The report – compiled about a week after the failed go-live following two days of planned downtime for the migration – also set out recommendations for initial actions, advising the bank to focus on stability in the short term and ease pressure on some systems.
This includes a recommendation to throttle connections to try to limit inbound connections to "serve a proportion of customers more consistently", although it acknowledged this would have a bigger impact on internet and mobile users.
IBM also told TSB to prioritise telephony and branch channels, noting that large volumes of internet and mobile banking was "causing additional stress on systems". By getting the other two channels working properly, they could help customers and reduce complaints, IBM said.
It's not clear from the document how many of these recommendations were acted upon – for instance, the bank did say it was "limiting access" to the app and online banking, but this happened before IBM made the presentation.

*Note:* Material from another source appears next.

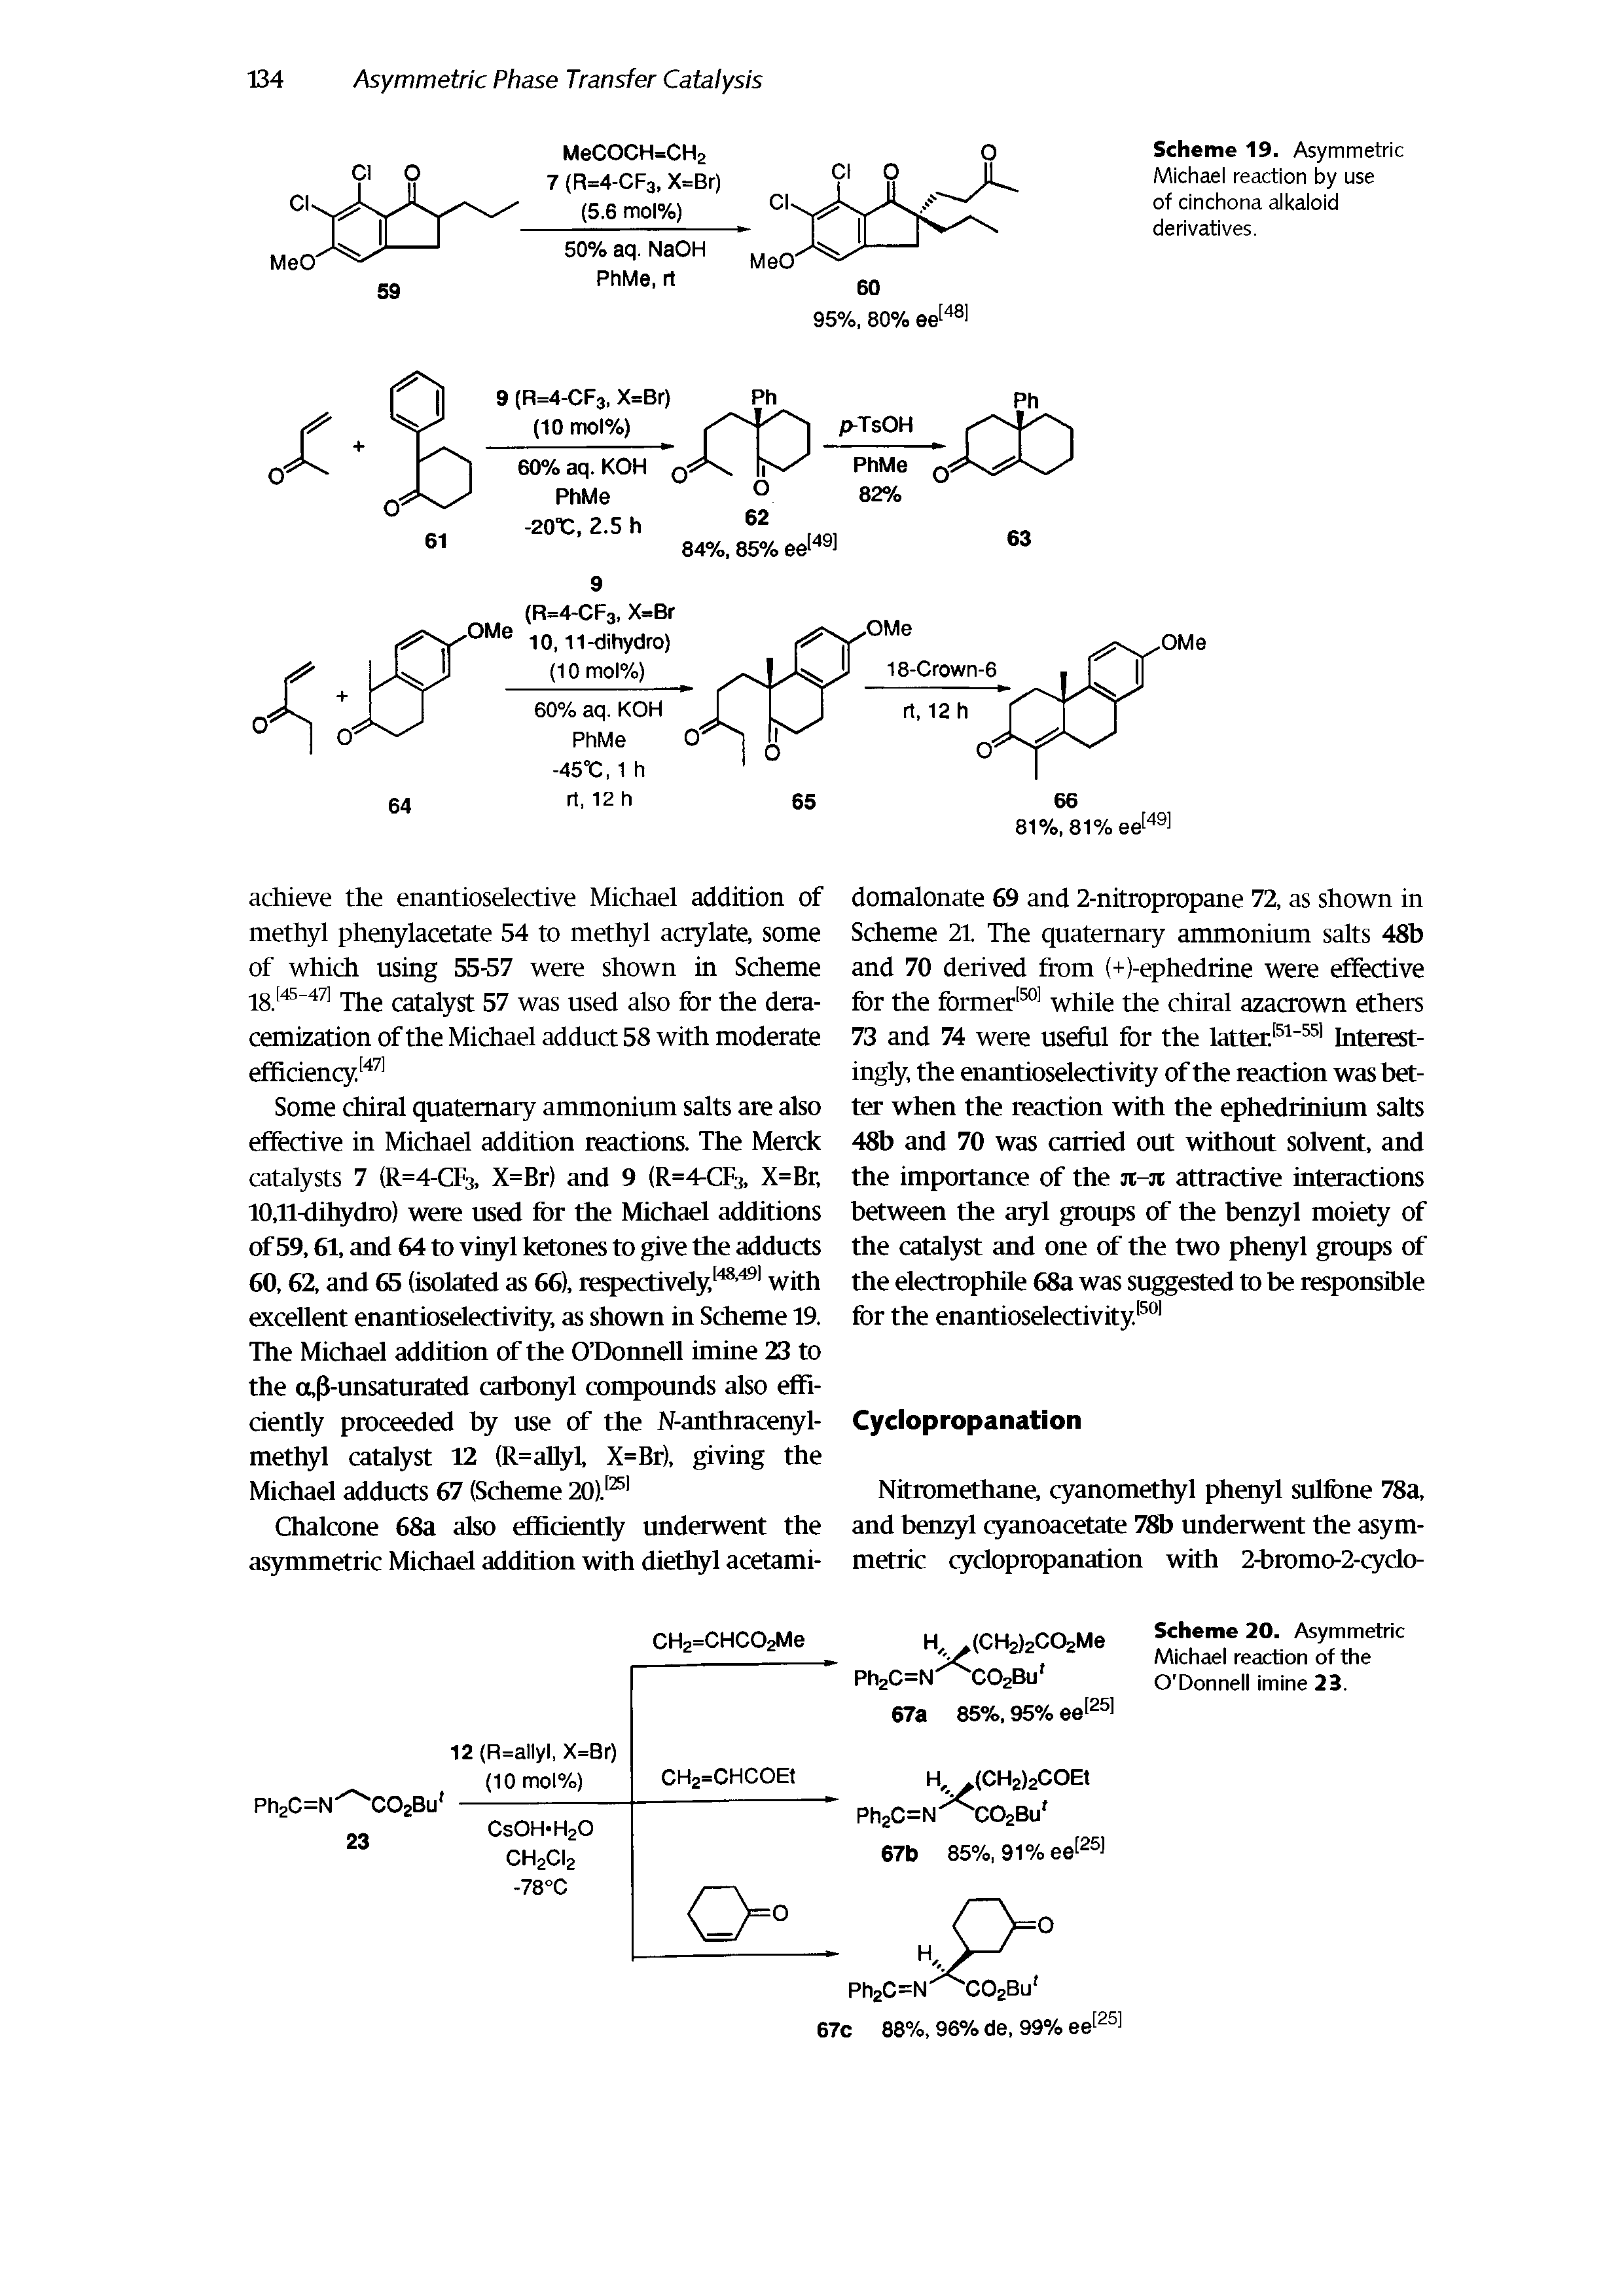 Scheme 19. Asymmetric Michael reaction by use of cinchona alkaloid derivatives.

However, TSB confirmed to The Register that it had not implemented one eyebrow-raising suggestion: to reduce the number of times Actimize – anti-fraud and money laundering software – was invoked in user journeys. IBM's report said this would "create more capacity", but might create "additional risk of fraud".
In a canned statement, TSB said: "The IBM document contained a preliminary work plan with very early hypotheses based on observations to date, that were produced after only three days of engagement with TSB.
"To present this document as a clear view on what went wrong wouldn't be a fair reflection. Similarly it isn't a fair reflection of what actions may or may not subsequently have been taken." ®
Updated to add
Three hours after issuing the above statement, the PR machine at TSB – possibly having realised just what sort of light the IBM report cast on the bank – cranked it up a notch, and got back in touch with an updated missive that aimed to downplay the report it commissioned from the firm it hired to help it deal with the meltdown:
The IBM document contained a preliminary work plan with very early hypotheses based on observations to date, that were produced after only three days of engagement with TSB, almost eight weeks ago. The content is therefore now very much out of date.
The hypotheses were not final, nor were they a validated view of what went wrong or of the actions that have subsequently been taken. Without this context, this document could be misinterpreted to the detriment of TSB's customers.